[Test] Stabilize RTX MDL shader-warmup flake in rendering correctness tests#5687
[Test] Stabilize RTX MDL shader-warmup flake in rendering correctness tests#5687hujc7 wants to merge 6 commits into
Conversation
… tests `test_shadow_hand_vision_presets.py::test_camera_renders_not_empty` and the three helper-driven rendering tests in `rendering_test_utils.py` (`rendering_test_shadow_hand`/`_cartpole`/`_dexsuite_kuka`) intermittently fail with "Camera output 'simple_shading_*_mdl' is all zeros or all inf after stepping" on cold-cache CI runners. Root cause is RTX MDL shader compile timing: a single `env.step()` returns a still-zero framebuffer for shader variants that haven't finished compiling. The variant that flakes (constant_diffuse / diffuse_mdl / full_mdl) shifts between runs depending on which MDL pipeline finishes first. Step the env 10 frames before reading the camera tensor — empirically enough across the MDL variants that flake. Adds ~1-2 s per parametrize variant; cheap relative to the cost of a retry. Affected jobs: - `isaaclab_tasks [2/3]` (test_camera_renders_not_empty) - `rendering-correctness-kitless` (test_rendering_*_kitless[*-simple_shading_*])
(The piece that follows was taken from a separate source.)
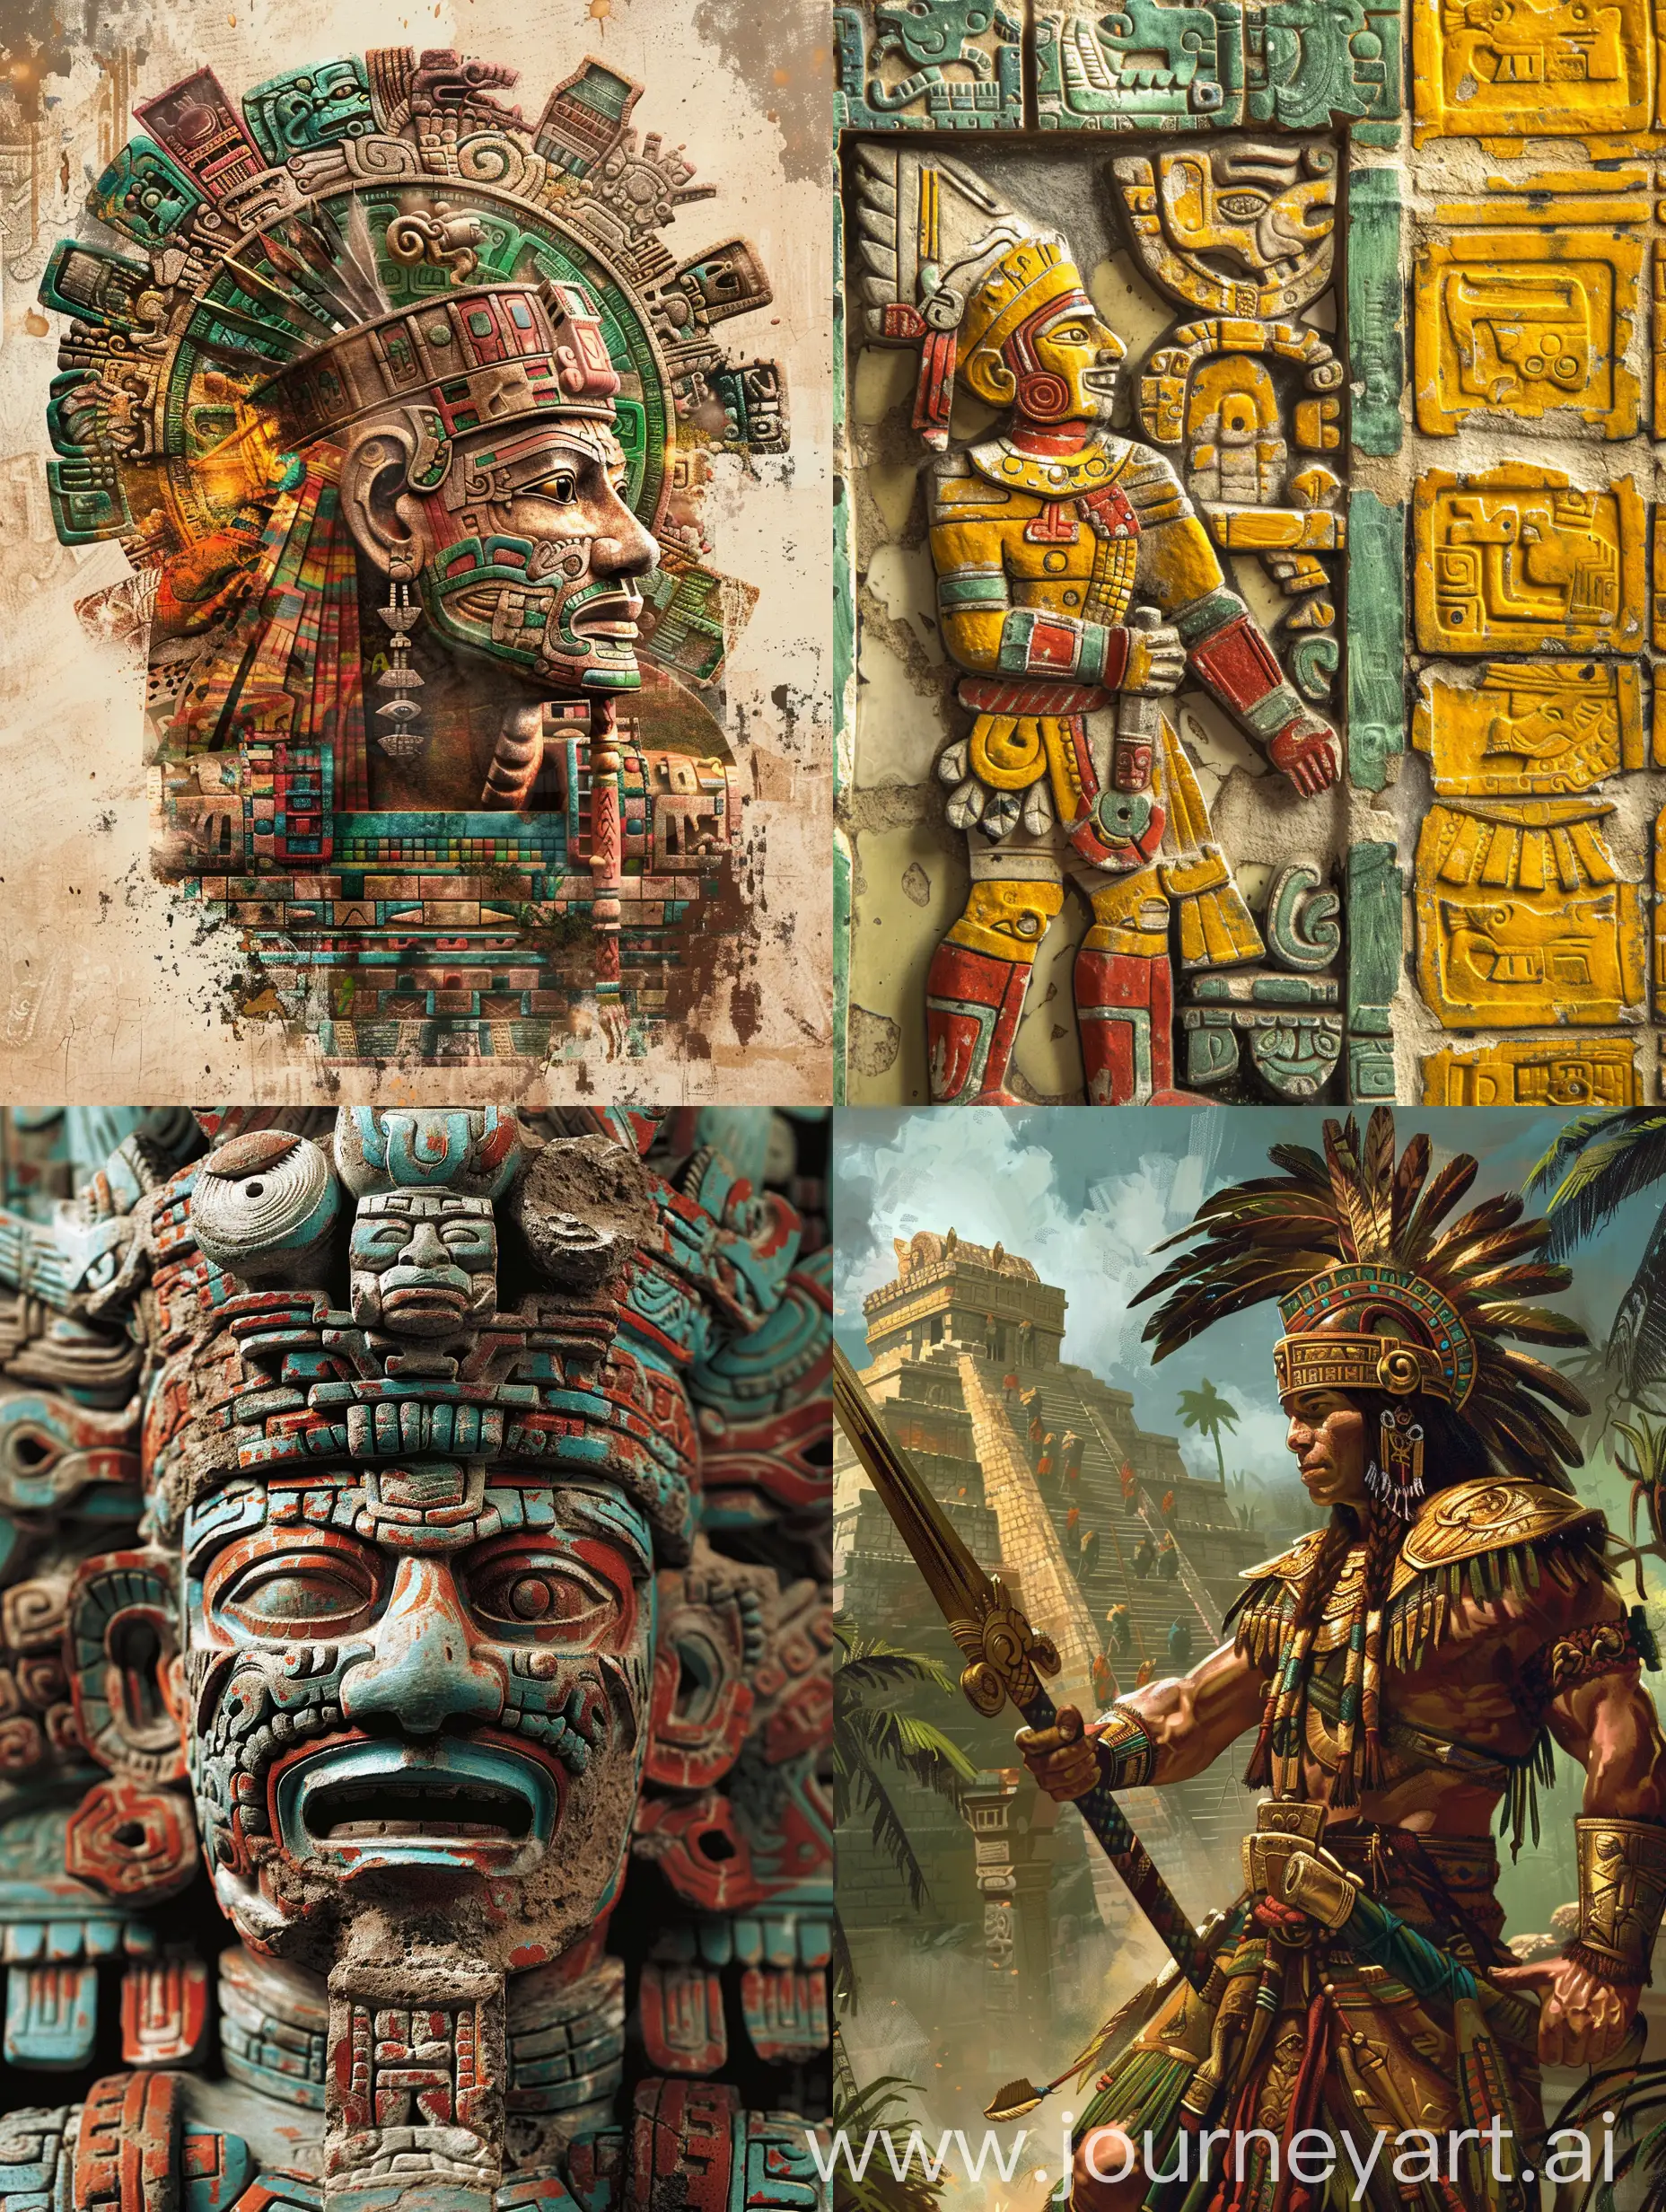 Mayan civilization

There was a problem hiding this comment.
Summary
This PR correctly addresses an RTX MDL shader-warmup race condition in the rendering correctness tests. The root cause analysis is solid: asynchronous shader compilation can leave the framebuffer zeroed when tests read camera tensors too early after environment creation.
Key Observations
✅ Strengths
-
Well-designed helper function: The
_warmup_render()abstraction is clean and consolidates the warmup logic in a single place, making future tuning straightforward. -
Good documentation: Both the docstring and inline comments explain why 10 steps are needed, including the specific MDL shader variants affected. This context will help future maintainers.
-
Appropriate placement: Calling
_warmup_render()aftermaybe_save_stage()but beforevalidate_camera_outputs()is the right sequencing. -
Minimal scope: The change is surgical — it only touches the test infrastructure that was flaking, with no production code impact.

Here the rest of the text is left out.